## Work task
Leaving out every picture, quote the data below exactly as it appears.

*** Provided data ***

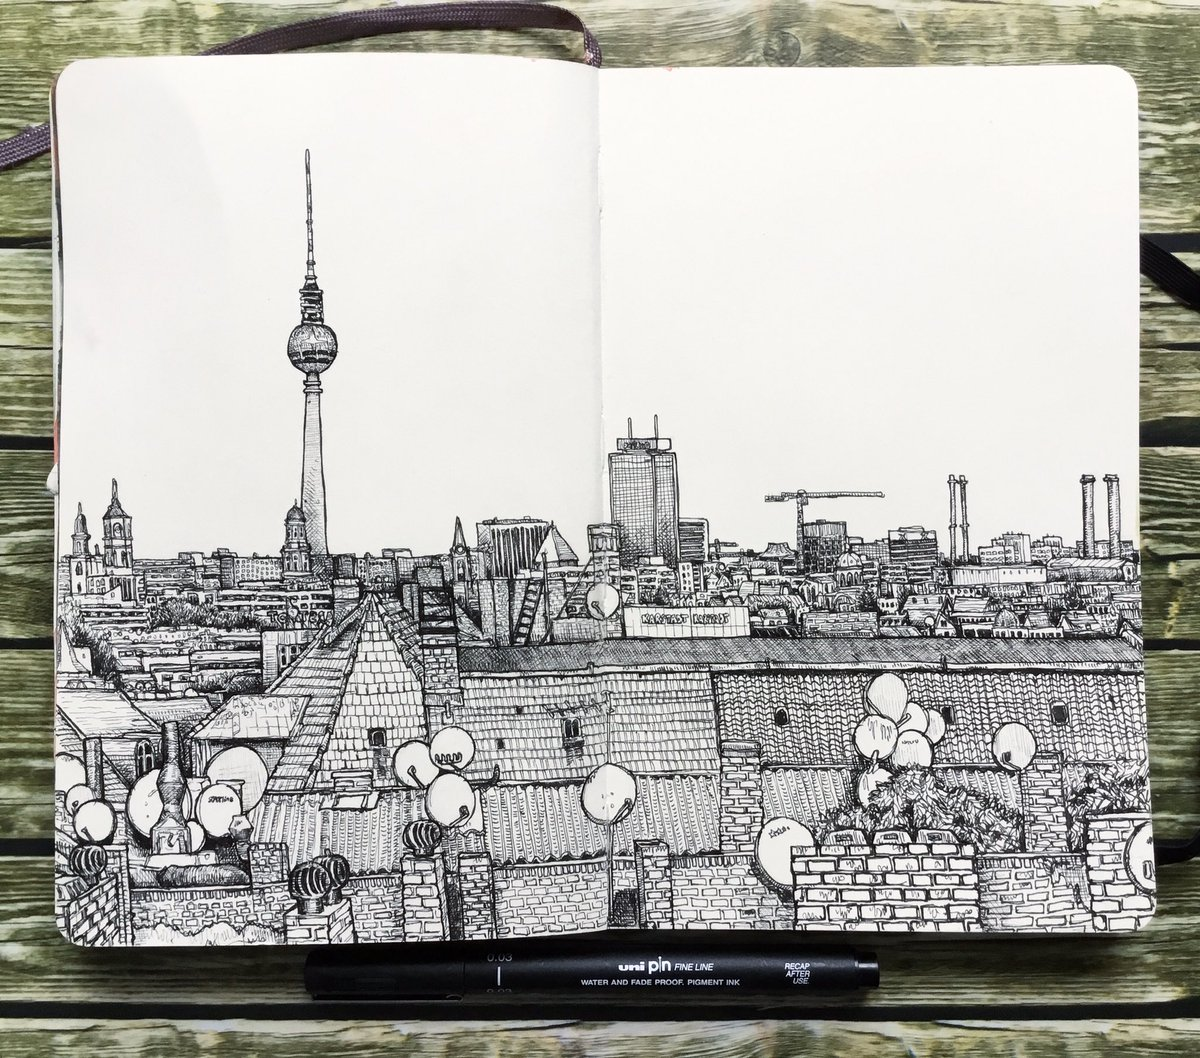 #Berlin #Kreuzberg #drawing in my #moleskine #sketchbookpic.twitter.com/pgQfHKQDc3
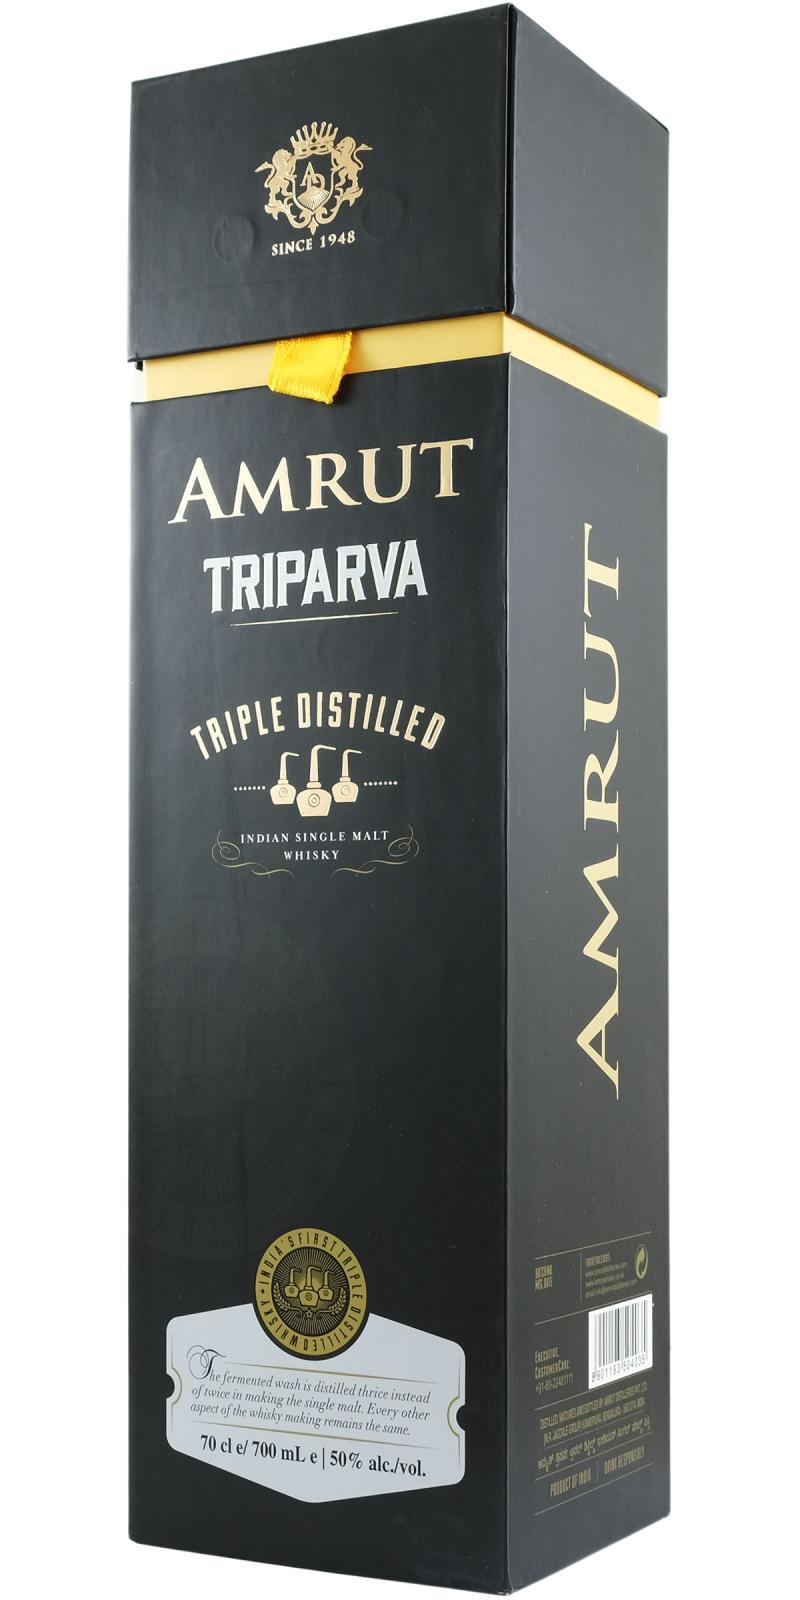 Amrut Triparva
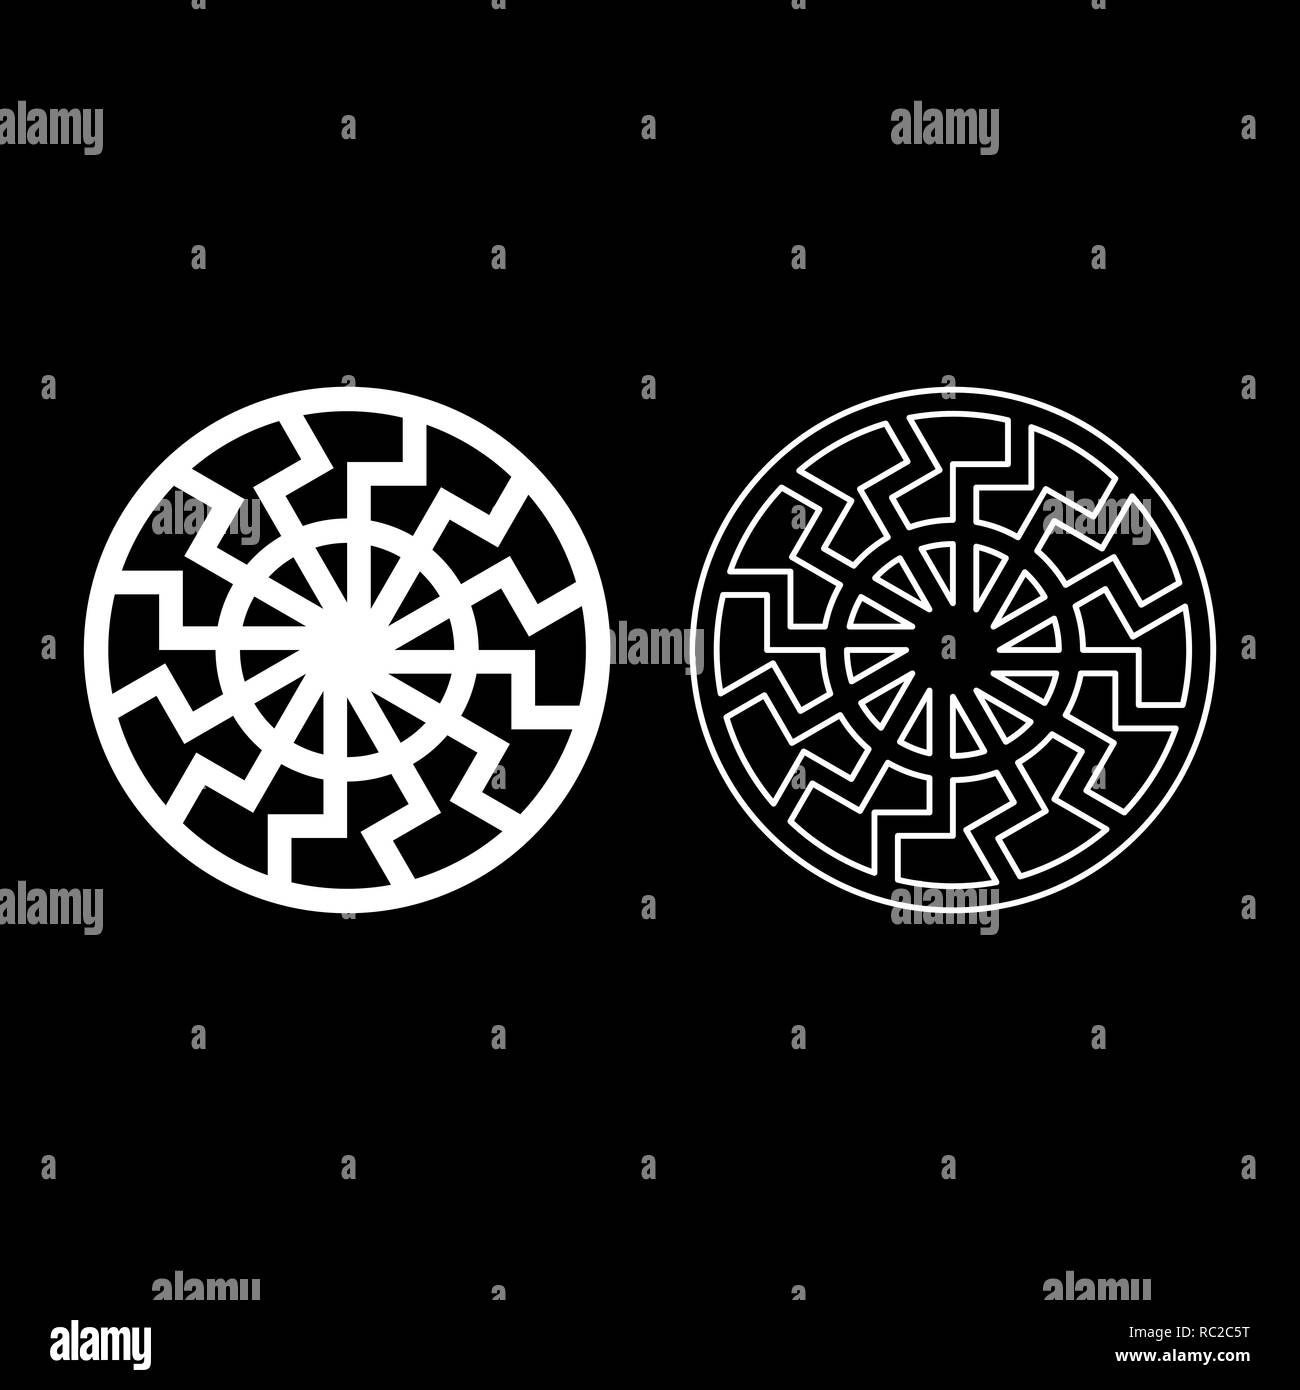 set white sun symbol icon set white color I flat outline style simple image - Stock Image

***

## Solved problem
 #Berlin #Kreuzberg #drawing in my #moleskine #sketchbookpic.twitter.com/pgQfHKQDc3
 Amrut Triparva
 set white sun symbol icon set white color I flat outline style simple image - Stock Image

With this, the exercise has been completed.